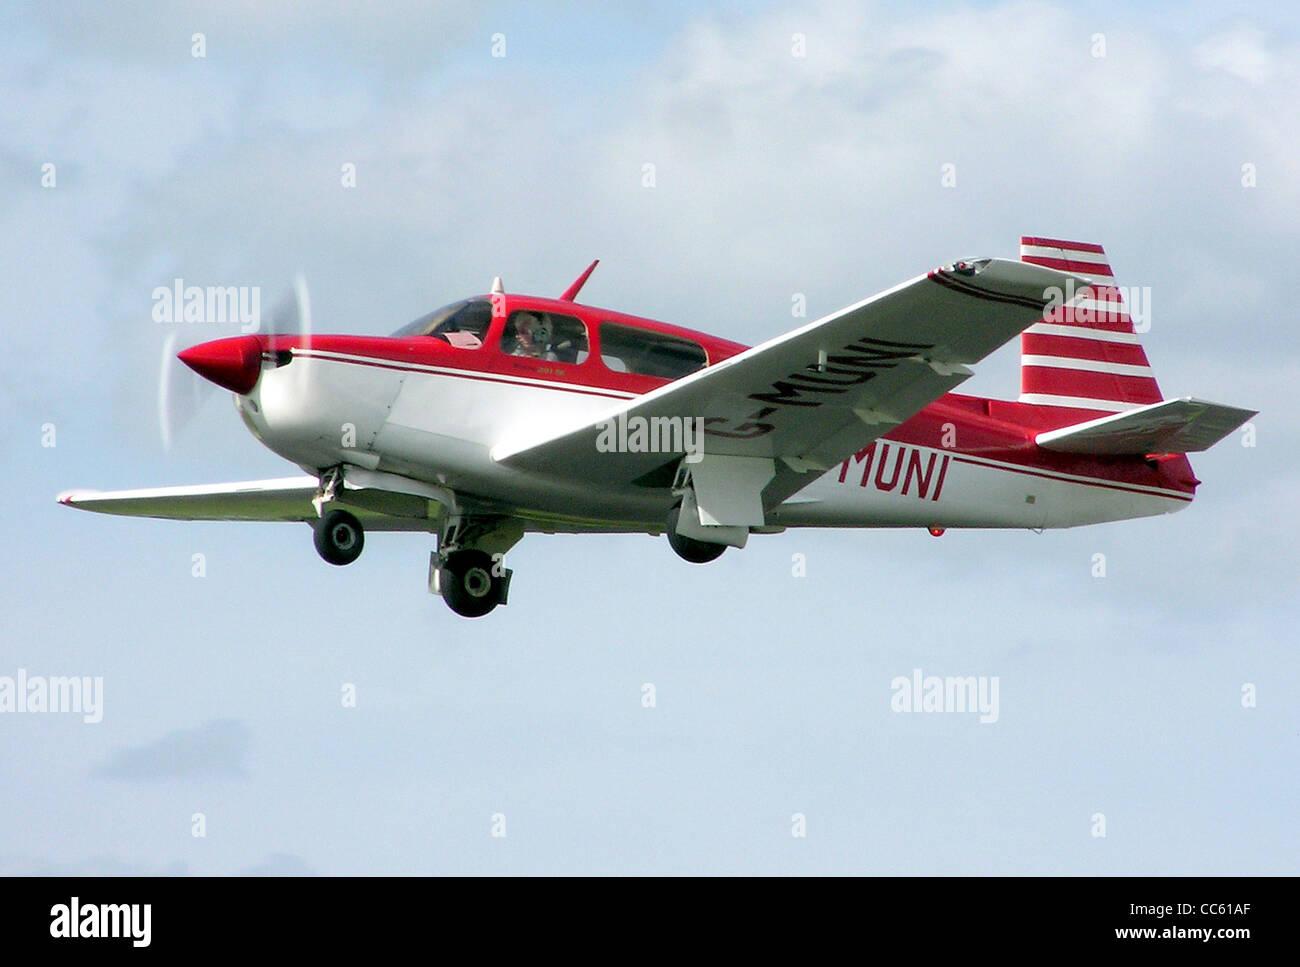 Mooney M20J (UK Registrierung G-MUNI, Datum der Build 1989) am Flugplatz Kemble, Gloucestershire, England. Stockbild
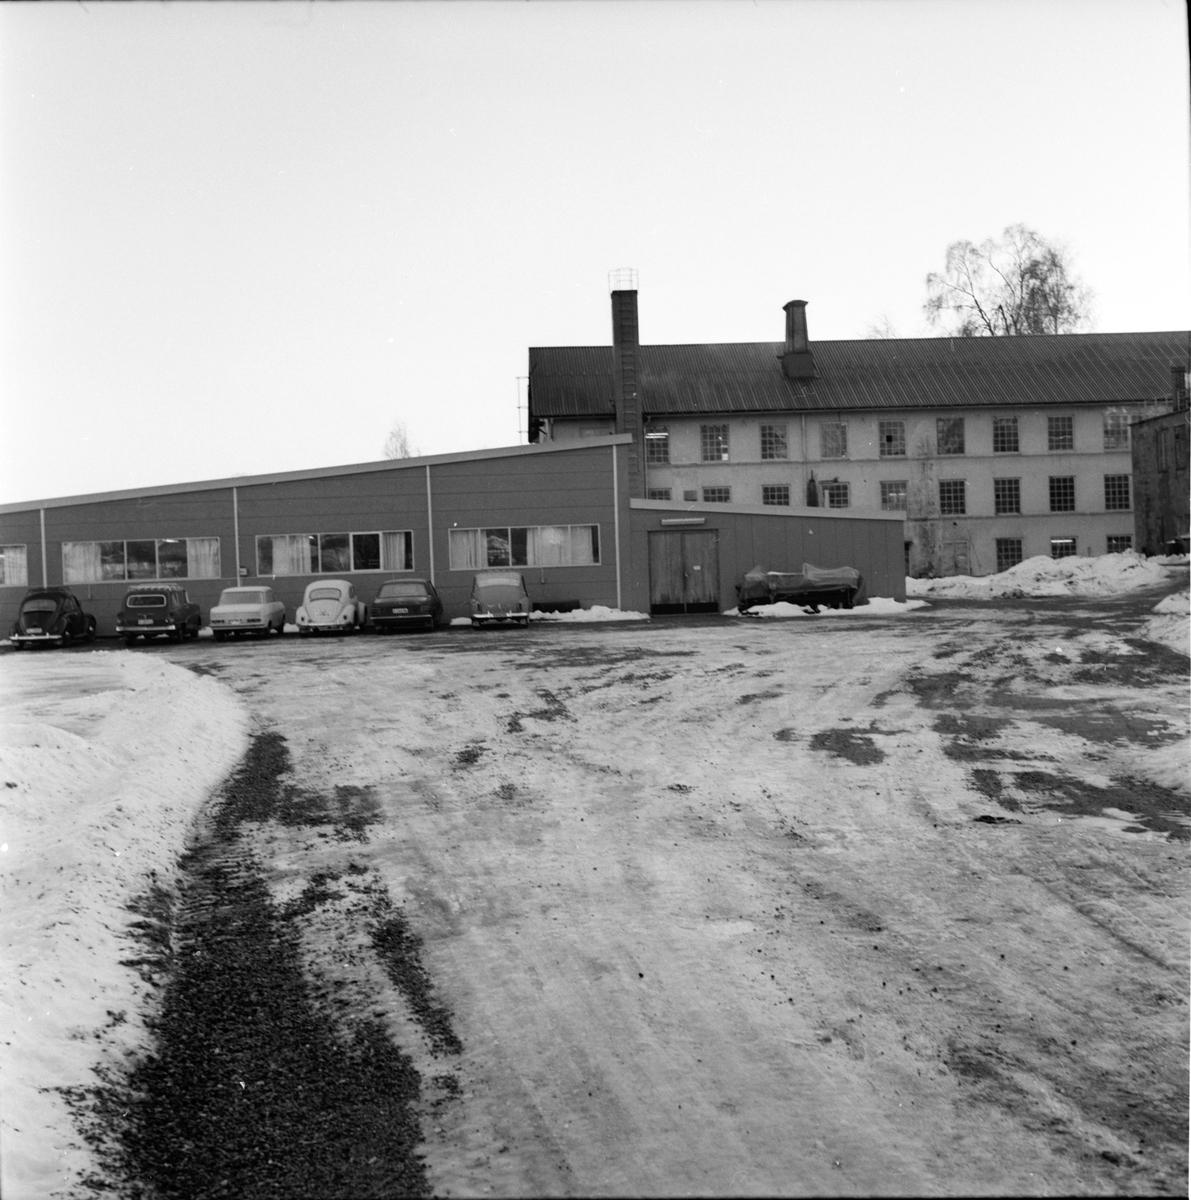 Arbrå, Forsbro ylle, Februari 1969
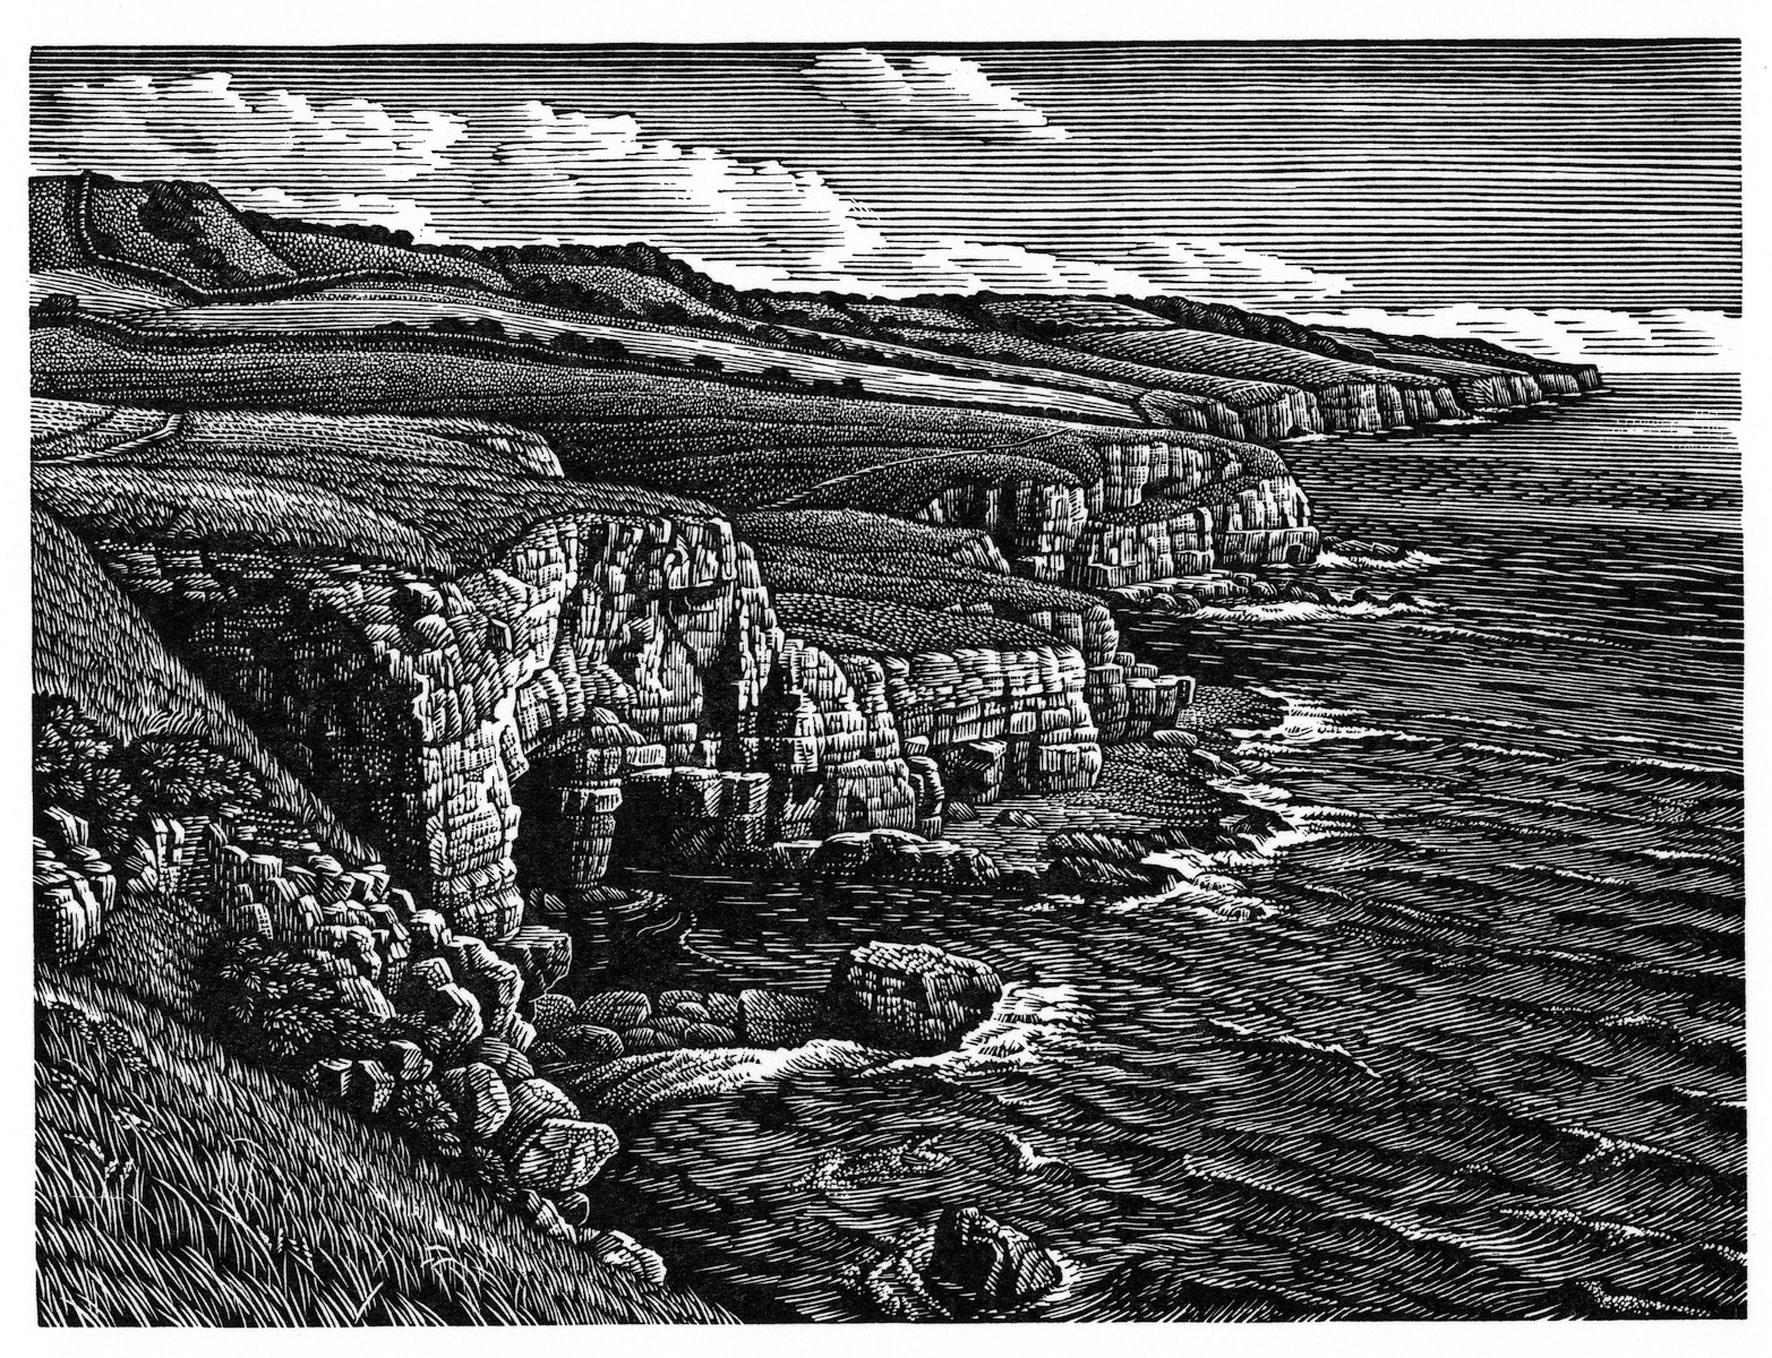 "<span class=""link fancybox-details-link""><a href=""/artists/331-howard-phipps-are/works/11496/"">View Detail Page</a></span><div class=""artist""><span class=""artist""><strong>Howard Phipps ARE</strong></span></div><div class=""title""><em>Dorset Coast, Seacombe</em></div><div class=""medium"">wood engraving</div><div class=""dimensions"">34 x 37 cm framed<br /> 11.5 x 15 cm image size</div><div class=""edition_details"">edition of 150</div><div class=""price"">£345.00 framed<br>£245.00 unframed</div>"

...

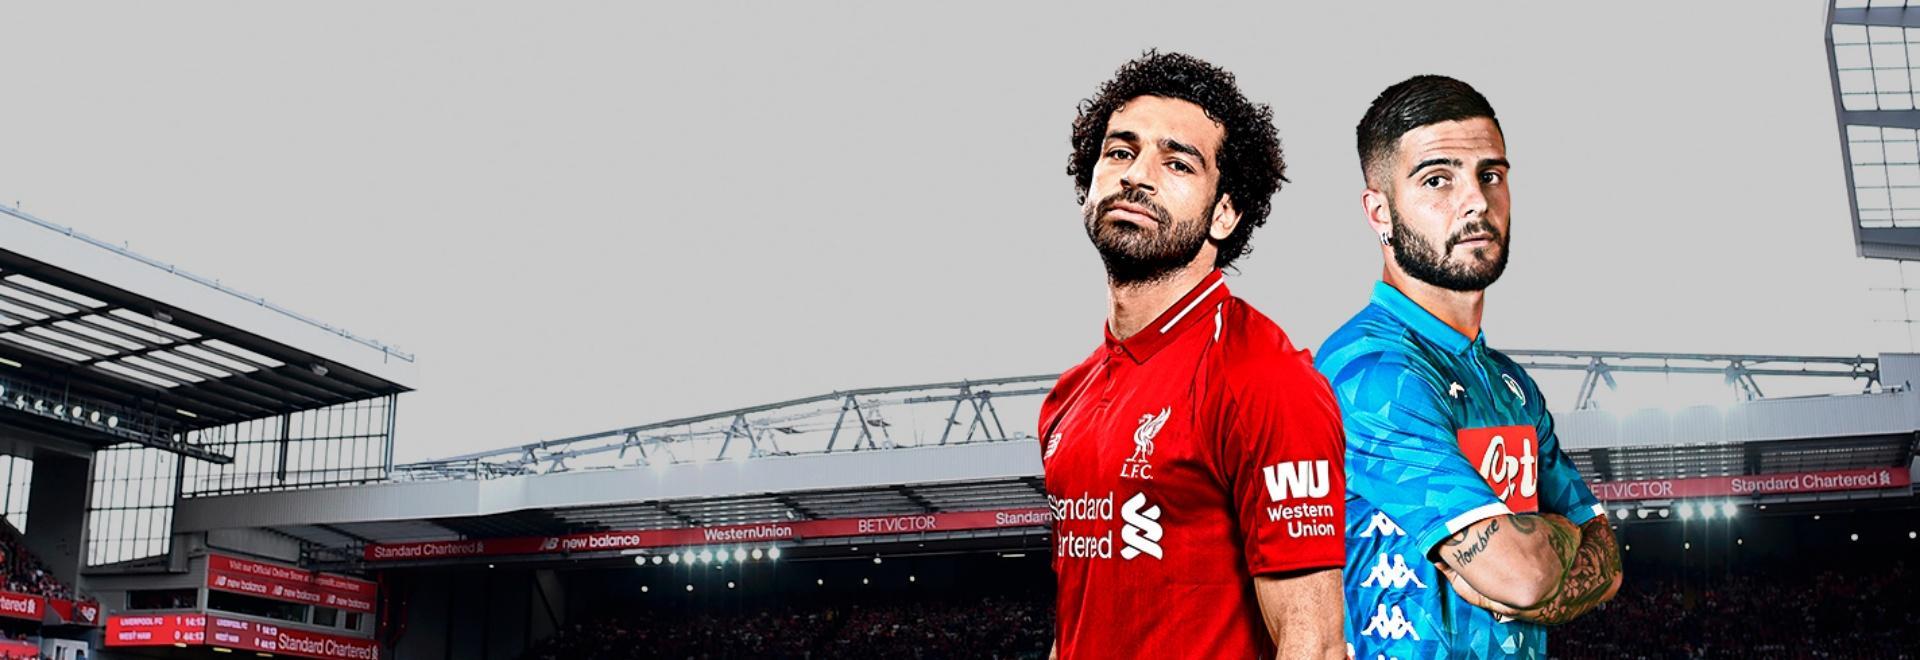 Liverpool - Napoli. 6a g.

==

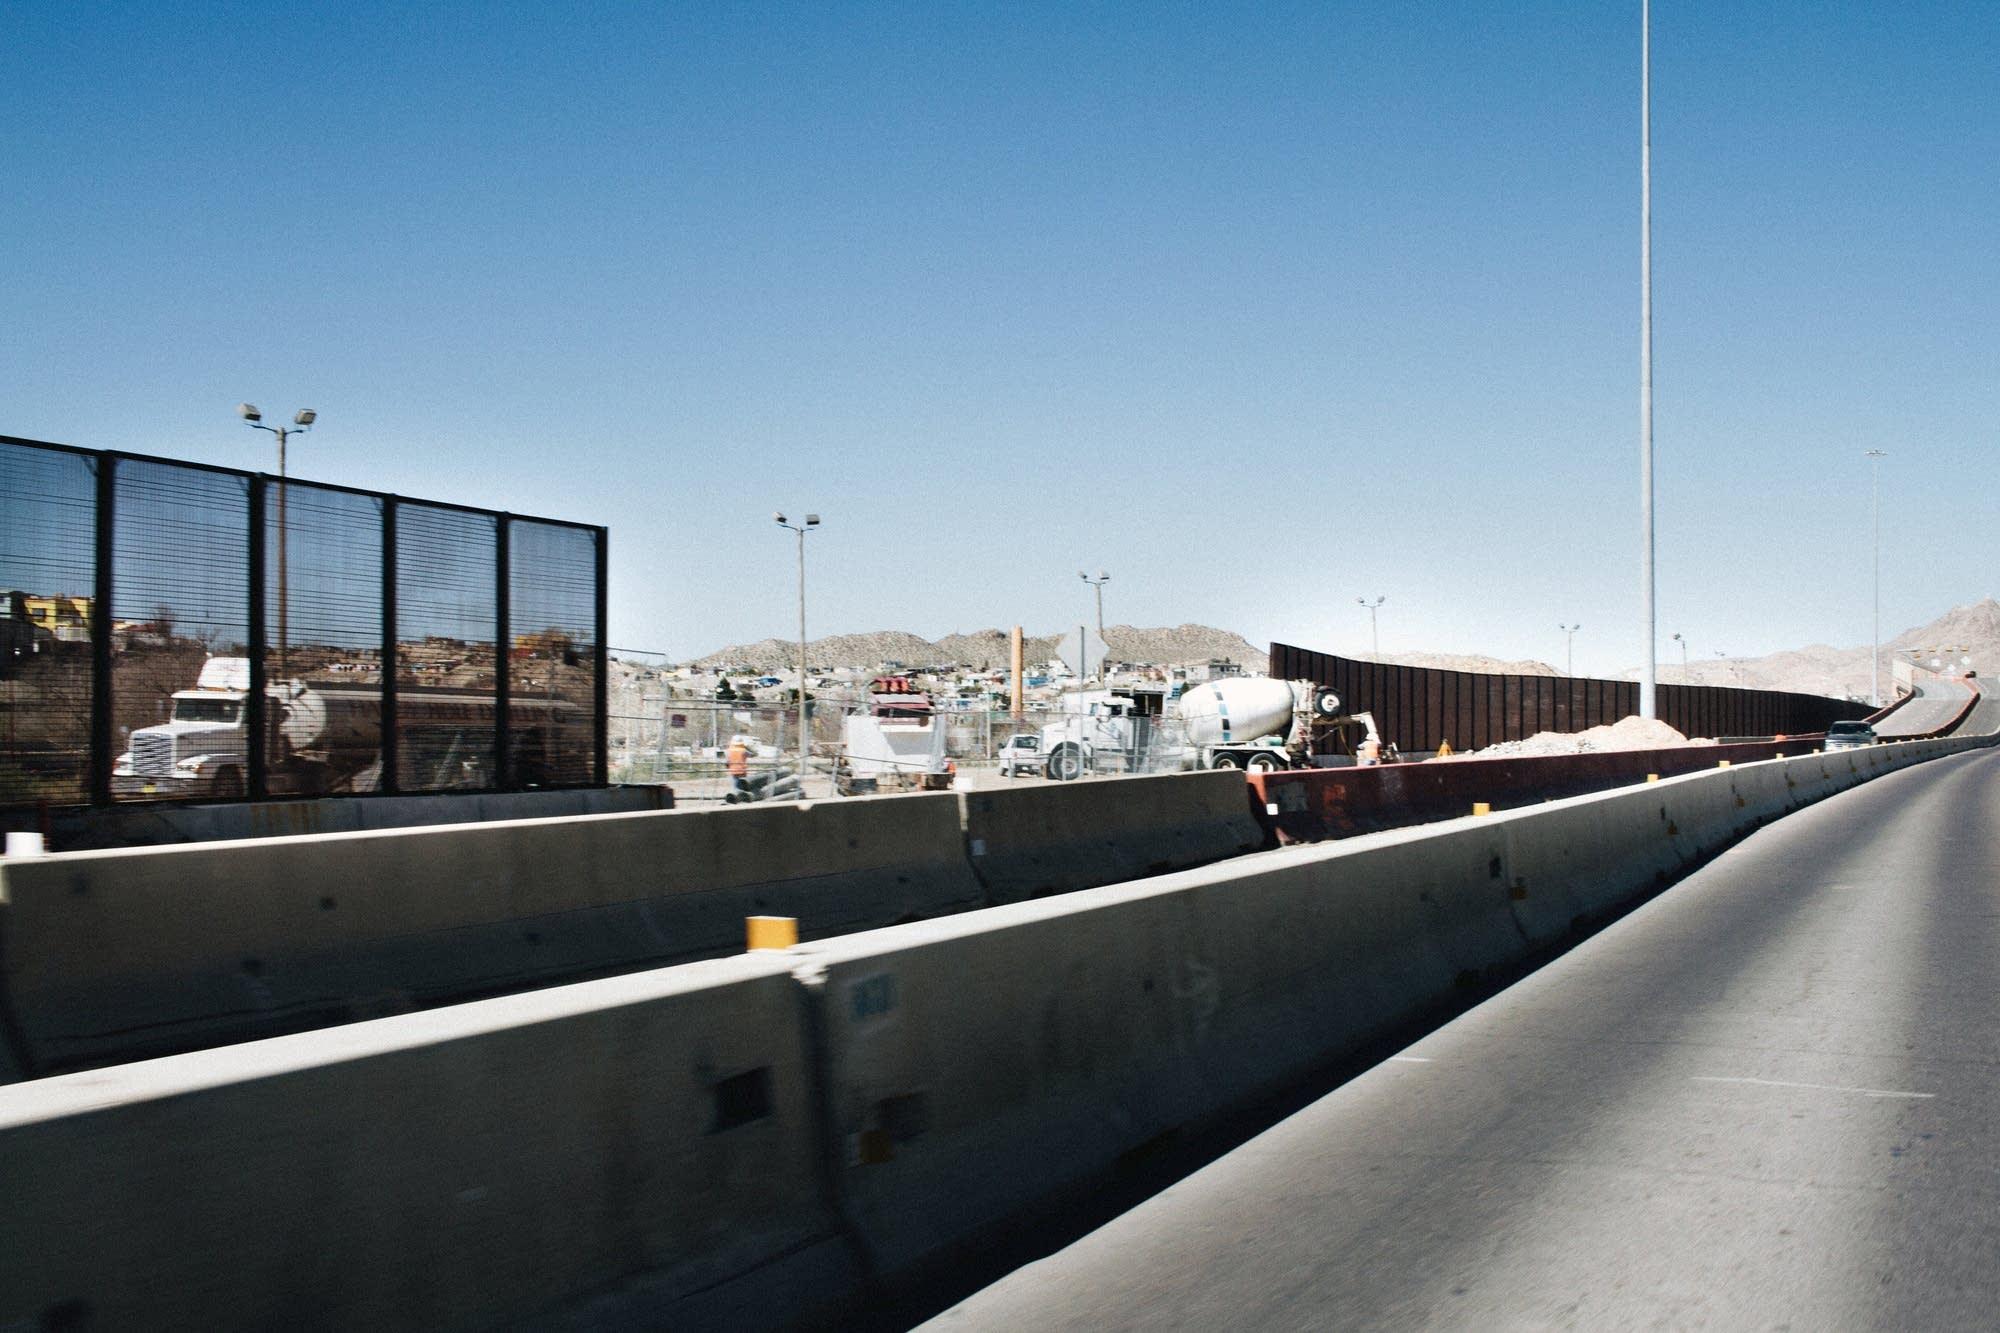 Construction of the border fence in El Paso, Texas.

Your objective
Copy word for word the lines of the records above from the one with "Mooney M20J (UK" up to and including the one with "37 cm framed<br". Skip the pictures.

Output for this exercise
 Mooney M20J (UK Registrierung G-MUNI, Datum der Build 1989) am Flugplatz Kemble, Gloucestershire, England. Stockbild
 Arbrå, Forsbro ylle, Februari 1969
 "<span class=""link fancybox-details-link""><a href=""/artists/331-howard-phipps-are/works/11496/"">View Detail Page</a></span><div class=""artist""><span class=""artist""><strong>Howard Phipps ARE</strong></span></div><div class=""title""><em>Dorset Coast, Seacombe</em></div><div class=""medium"">wood engraving</div><div class=""dimensions"">34 x 37 cm framed<br /> 11.5 x 15 cm image size</div><div class=""edition_details"">edition of 150</div><div class=""price"">£345.00 framed<br>£245.00 unframed</div>"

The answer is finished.